In BriefAll around the world, countries are beginning to phase out fossil fuel-powered cars. Now, a California lawmaker is proposing a bill that would ban gas-powered cars in the state by 2040.
California is typically a little ahead of the curve when it comes to adopting renewable resources and progressive environmental plans. In fact, the state is currently on track to meet its renewable energy goals 10 years early. Its latest effort toward building a sustainable future is a new bill that would ban gas-powered cars by 2040.
Introducing this bill is Democratic California Assembly member Phil Ting, who represents much of San Fransisco and is also chairman of the chamber’s budget committee.
If Ting’s bill became law, starting in 2040, California’s motor vehicle department would only register vehicles that didn’t produce carbon dioxide emissions. Based on currently available technology, that would mean only battery-electric or hydrogen fuel-cell cars would be permissible.

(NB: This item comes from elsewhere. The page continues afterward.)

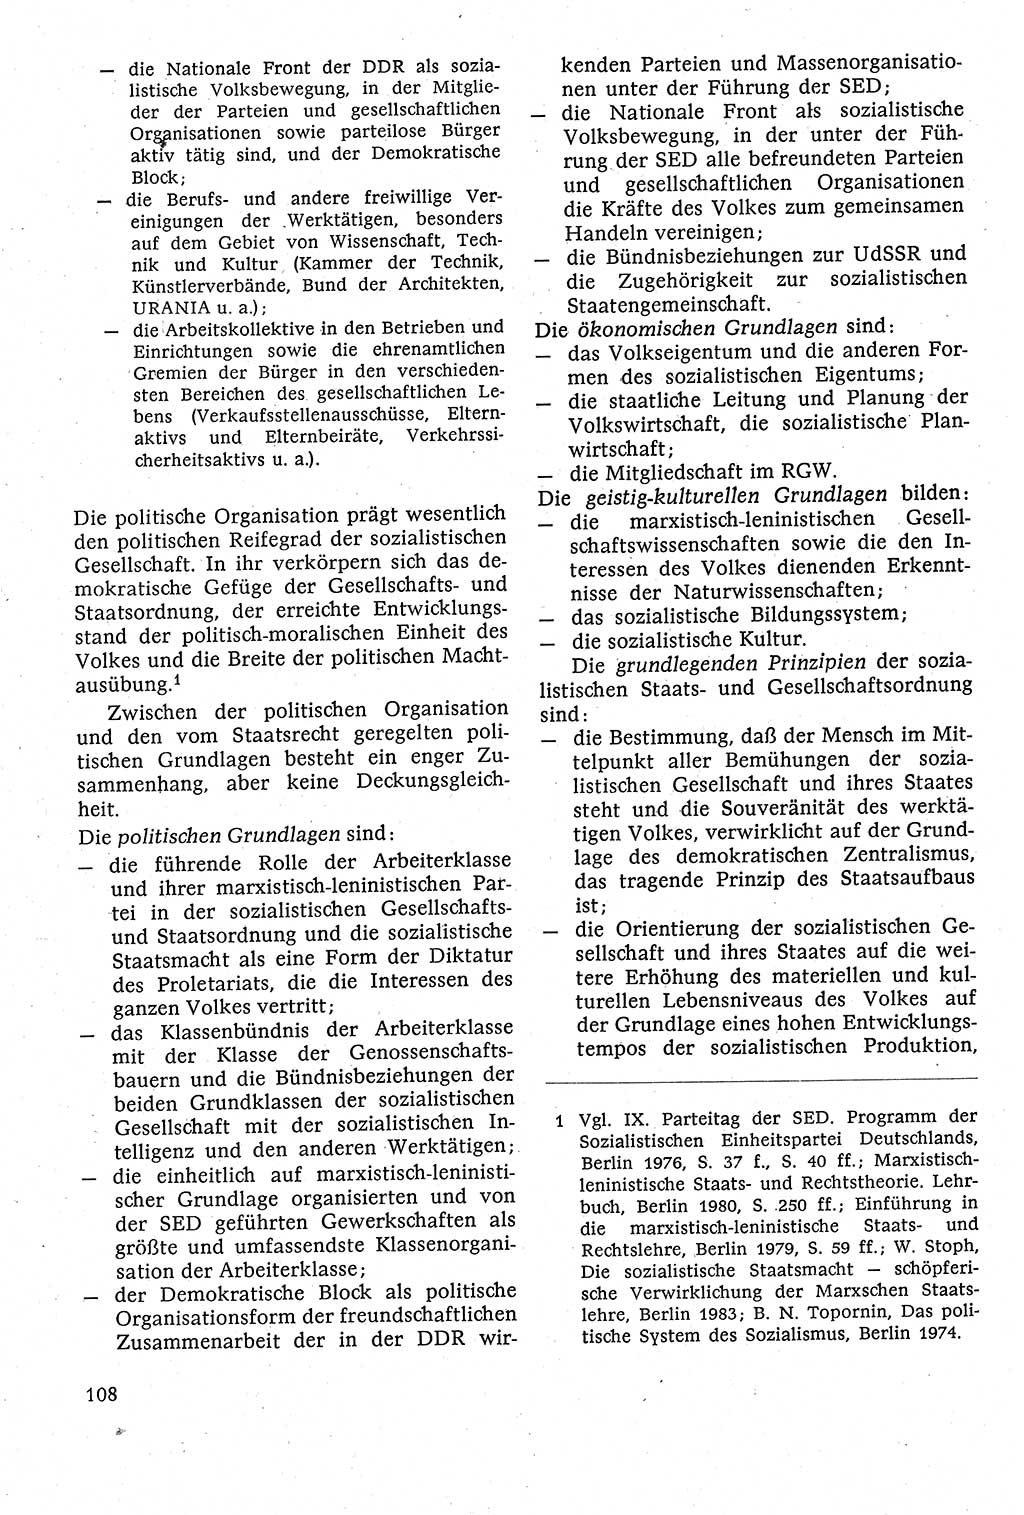 Staatsrecht der DDR [Deutsche Demokratische Republik (DDR)], Lehrbuch 1984, Seite 108 (St.-R. DDR Lb. 1984, S. 108)

Ting plans to officially introduce the bill to ban gas-powered cars in January when lawmakers return for the next legislative session.
While the bill might seem ambitious to some, France, the U.K., Germany, and others have all taken similar steps in an effort to reduce emissions. Others may think 2040 is too far away as we are already facing the growing repercussions of climate change, but enacting major changes takes time. By setting a long-term goal right now, California can beginning moving in the right direction.
“Until you set a deadline, nothing gets done,” Ting told Bloomberg. “It’s responsible for us to set a deadline 23 years in advance.”
The California Air Resources Board, the state’s air quality regulator, has previously floated the idea of banning internal-combustion engines. Governor Jerry Brown has also expressed interest in the move.
If the bill goes over well, it could be a major win for not just the state of California, but the entire U.S. where the transportation sector is currently the leading source of greenhouse gas emissions. If one state shows that cutting these emissions through a ban on gas-powered cars is doable, others may follow suit.